Clear and confident in my identity as an Attending Psychiatrist, I arrive on day one of my new job to find myself in the midst of many far more senior Attending Psychiatrists, not to mention medical students that seemed far brighter than I had even been at their age, and a number of senior residents that seemed incredibly confident and far more comfortable in their psychiatric identity that I was suddenly feeling.

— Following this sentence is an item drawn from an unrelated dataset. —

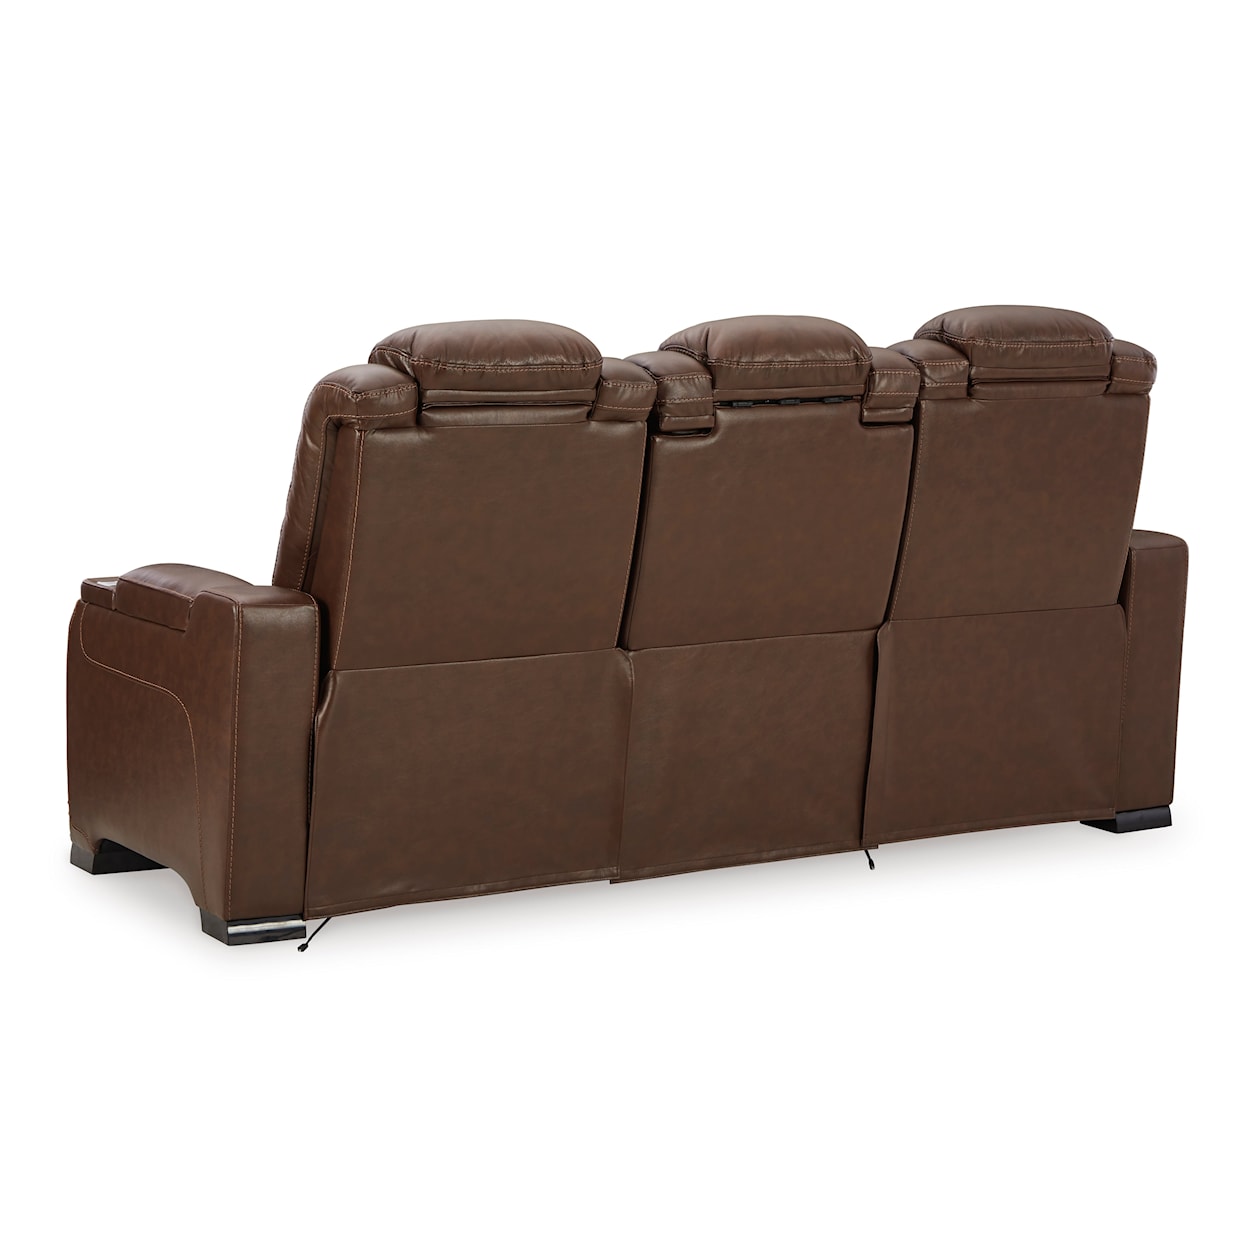 Signature Design by Ashley Furniture The Man-Den Power Reclining Sofa with Adj Headrests
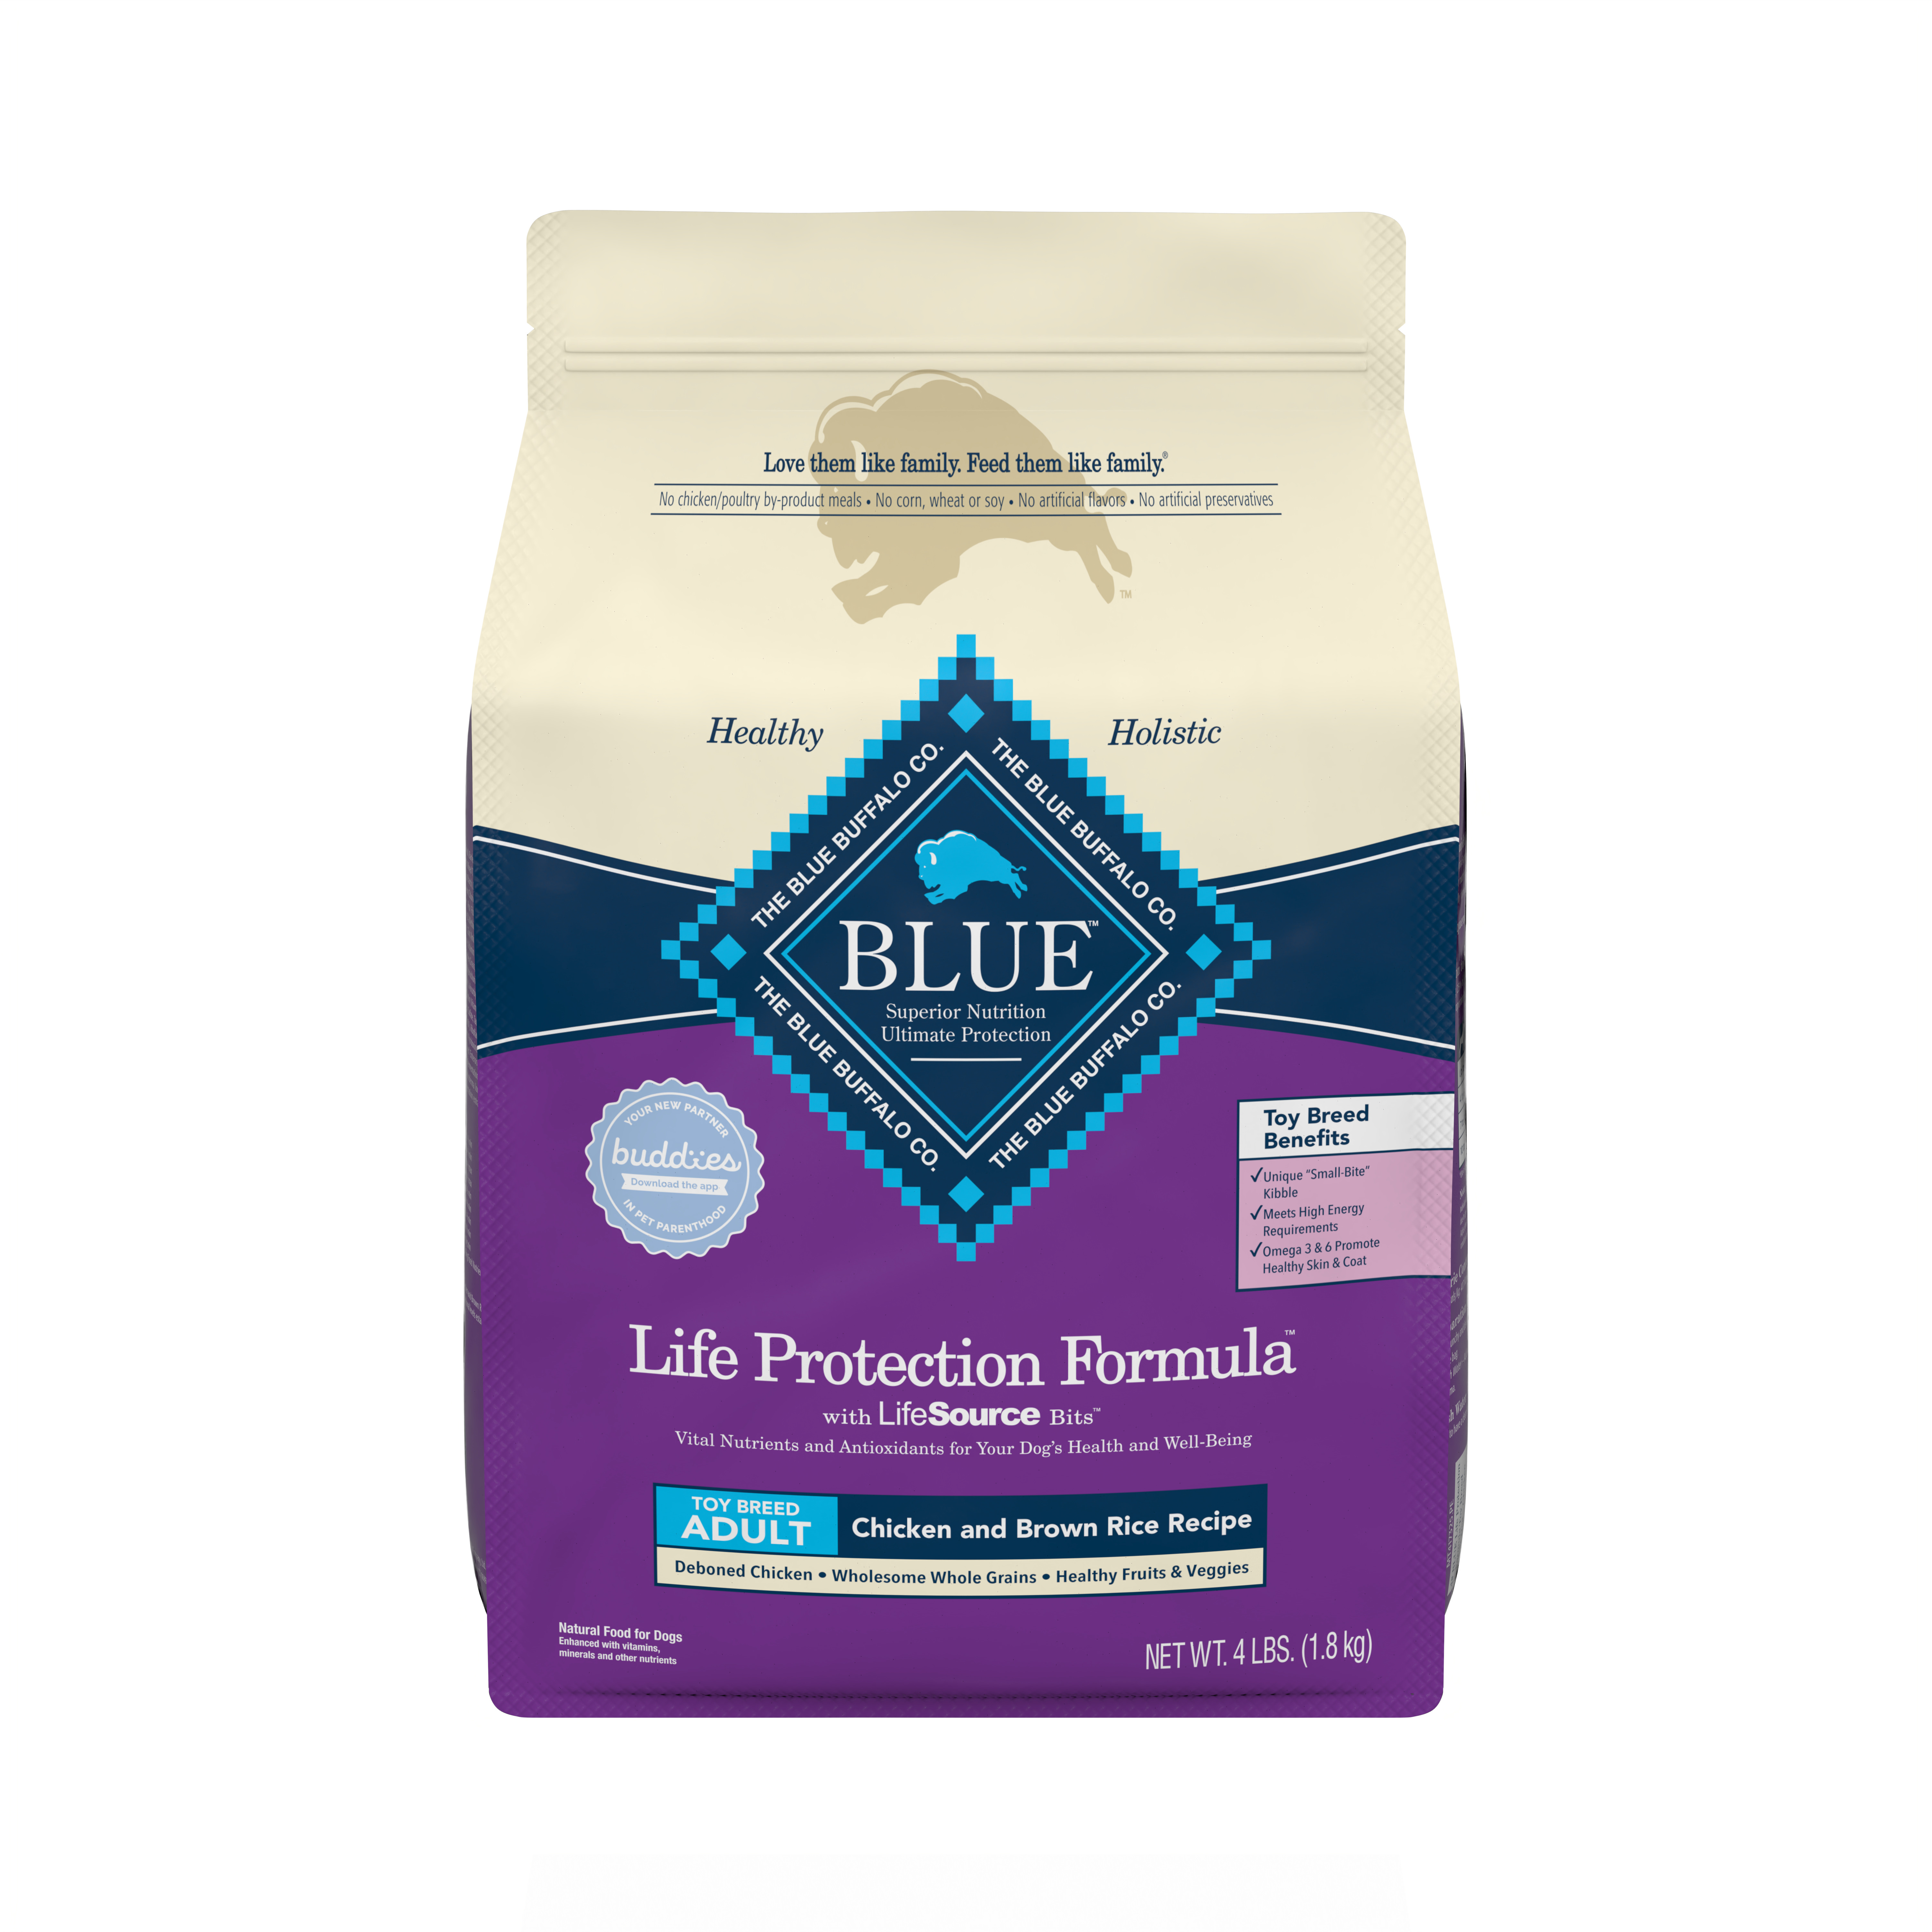 BLUE Life Protection Formula Chicken and Brown Rice Recipe for Toy Breed Adult Dogs, 4 lb

And then came the questions.

“Why would you call that patient hearing voices schizophrenic and that other patient hearing voices PTSD? Don’t they both meet the DSM criteria for schizophrenia? Maybe she’s not flattened, maybe she’s just shy? Maybe it’s cultural, is that possible oh supreme attending of just one day? How can you be sure? How can you be absolutely certain that you’re not making a mistake…”

Suddenly I hadn’t a single answer. Not a word, not an opinion, not an ounce of confidence in the “excess” training I’d received. All my previous truckloads of confidence were being undermined by the enormous amounts of fear being generated by my amygdala

“Doctor, you have call from a family. They want to speak to the Attending Psychiatrist. You have a call, it’s from the director of hospital X that wants to know if you will speak with them about patient Y. Doctor, do you think the chest pain is cardiac or just anxiety, can you please assess them for capacity to refuse treatment…” And so on.
 
What was happening? Why wasn’t I as overly confident and prepared as I had anticipated? Could it be that I actually wasn’t ready? Why was the transition that I had mistakenly anticipated as simply making a lateral move turning out to consist of the sharpest learning curve of my life?

I’ve been at the job a month now, and most of my ability to command the English language has returned. This past week I was even able to voice an opinion contrary to someone more senior than me. Of course my opinion was wrong, but nonetheless, voicing it was a step in the right direction. I’ve gone back to my old interview technique books, I’m rereading the DSM with a heightened level of attention to its subtleties and differences that I would previously skim like a recipe I’d made a thousand times; and I’m having another go at the psychiatric bible sometimes referred to as Kaplan and Sadock. I’m reading how-to articles on teaching and I’m writing my notes with a renewed level of meticulousness that I haven’t possessed since second year college calculus. Basically, I’ve returned to the fundamentals…and I’ve gotten myself a private supervisor whom I actually pay. What I’ve learned is that if medicine really is a lifelong learning process, then perhaps four years of psychiatric residency wasn’t too long after all.